For MDM [6], we use an 8-layer transformer decoder where the text encoding is injected via cross-attention layers. The model is trained for 600K steps with a batch size of 1024 using a diffusion process with \(T = 1000\) steps. For T2M-GPT [12], we first learn a codebook size of \(1024 \times 512\) with a downsampling rate of 4. Then, we model a sequence of codebook indices via an 18-layer transformer. During training, text embeddings and motions are concatenated and processed as input, and a random portion of the ground-truth code indices is replaced with random ones to improve robustness. The model is trained for 600K steps with a batch size of 128. For StableMoFusion [37], we use a Conv1D-based U-Net incorporating residual cross-attention to align motion features with word-level semantics, along with group normalization.
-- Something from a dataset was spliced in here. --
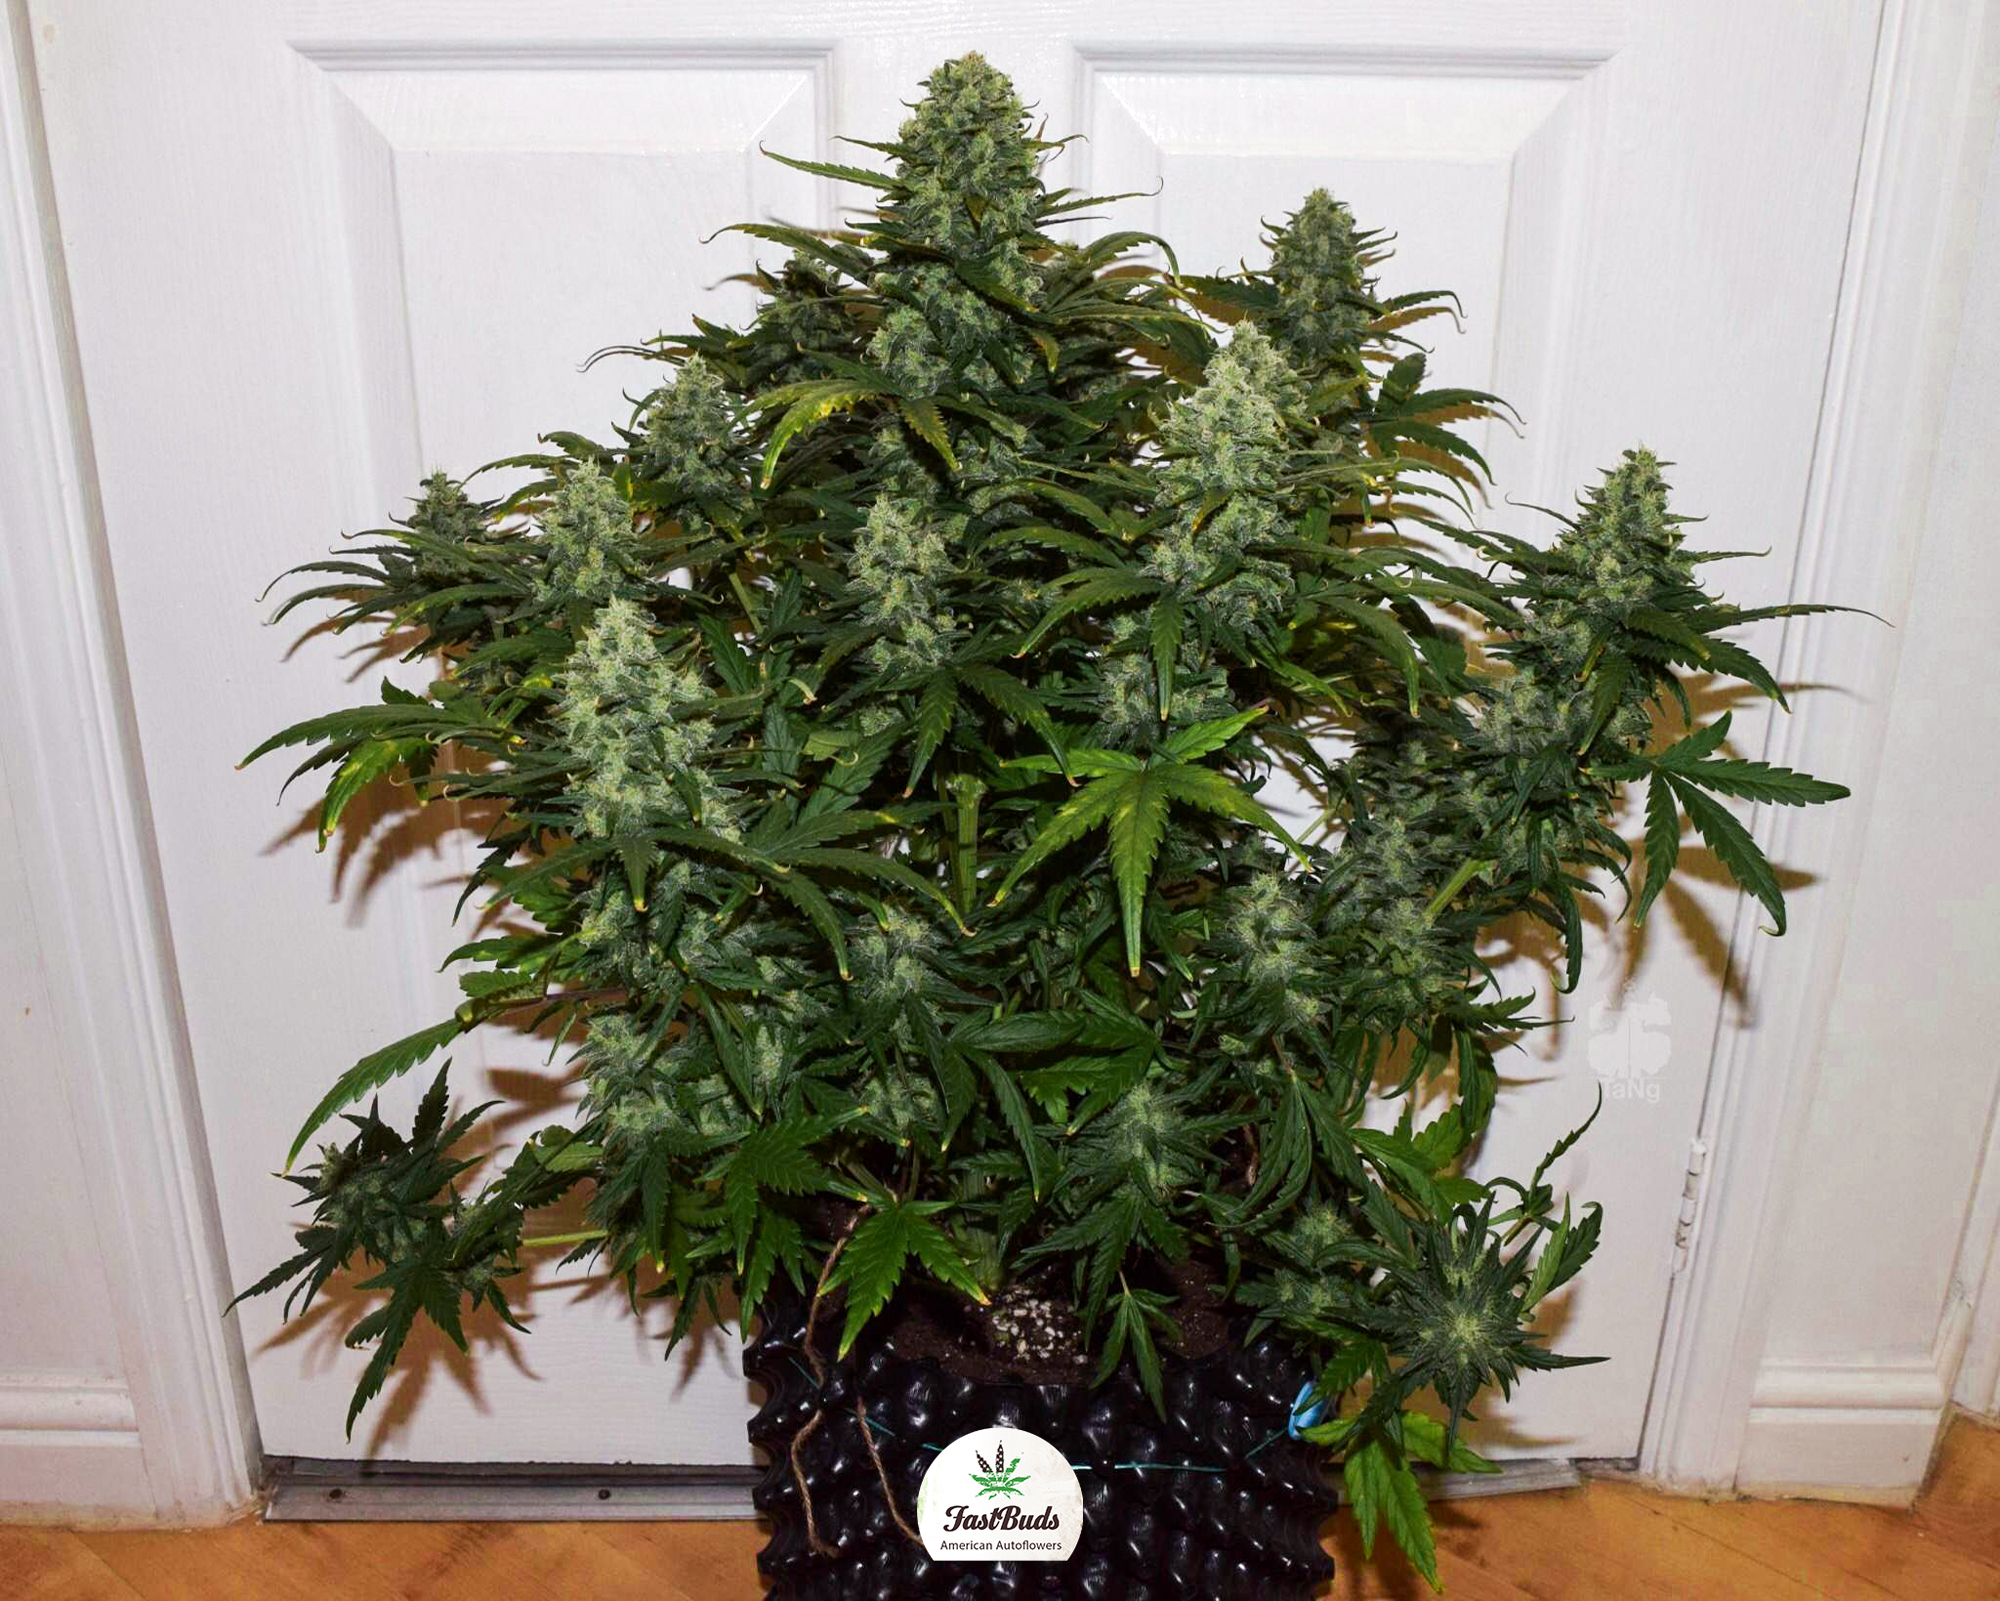 Mexican Airlines - Auto-Flower - Southern Oregon Seeds

The model is trained for 500K iterations with \(T = 1000\) denoising steps and a batch size of 1024. For MARDM [10], we first encode motion into a latent representation using a 3-layer ResNet-based auto-encoder. These motion latents are then modeled using a masked autoregressive transformer with a dimension of 1024 and 16 attention heads, where text encodings are injected via cross-attention layers. The model is trained for 600K steps with a batch size of 128.

8.2 Evaluation Model↩︎

Figure 7: Architecture of the evaluation model [38]. Three network components are trained with two main goals: multimodal alignment and reconstruction. The cosine similarity between motion embeddings and text embeddings from positive pairs (green) is maximized, while similarity for negative pairs is minimized. Meanwhile, both embeddings are required to reconstruct the corresponding motion sequence through the motion decoder. Image adapted from TMR [38]. — Figure 7: **Architecture of the evaluation model** [38]. Three network components are trained with two main goals: multimodal alignment and reconstruction. The cosine similarity between motion embeddings and text embeddings from positive pairs (green) is maximized, while similarity for negative pairs is minimized. Meanwhile, both embeddings are required to reconstruct the corresponding motion sequence through the motion decoder. Image adapted from TMR [38].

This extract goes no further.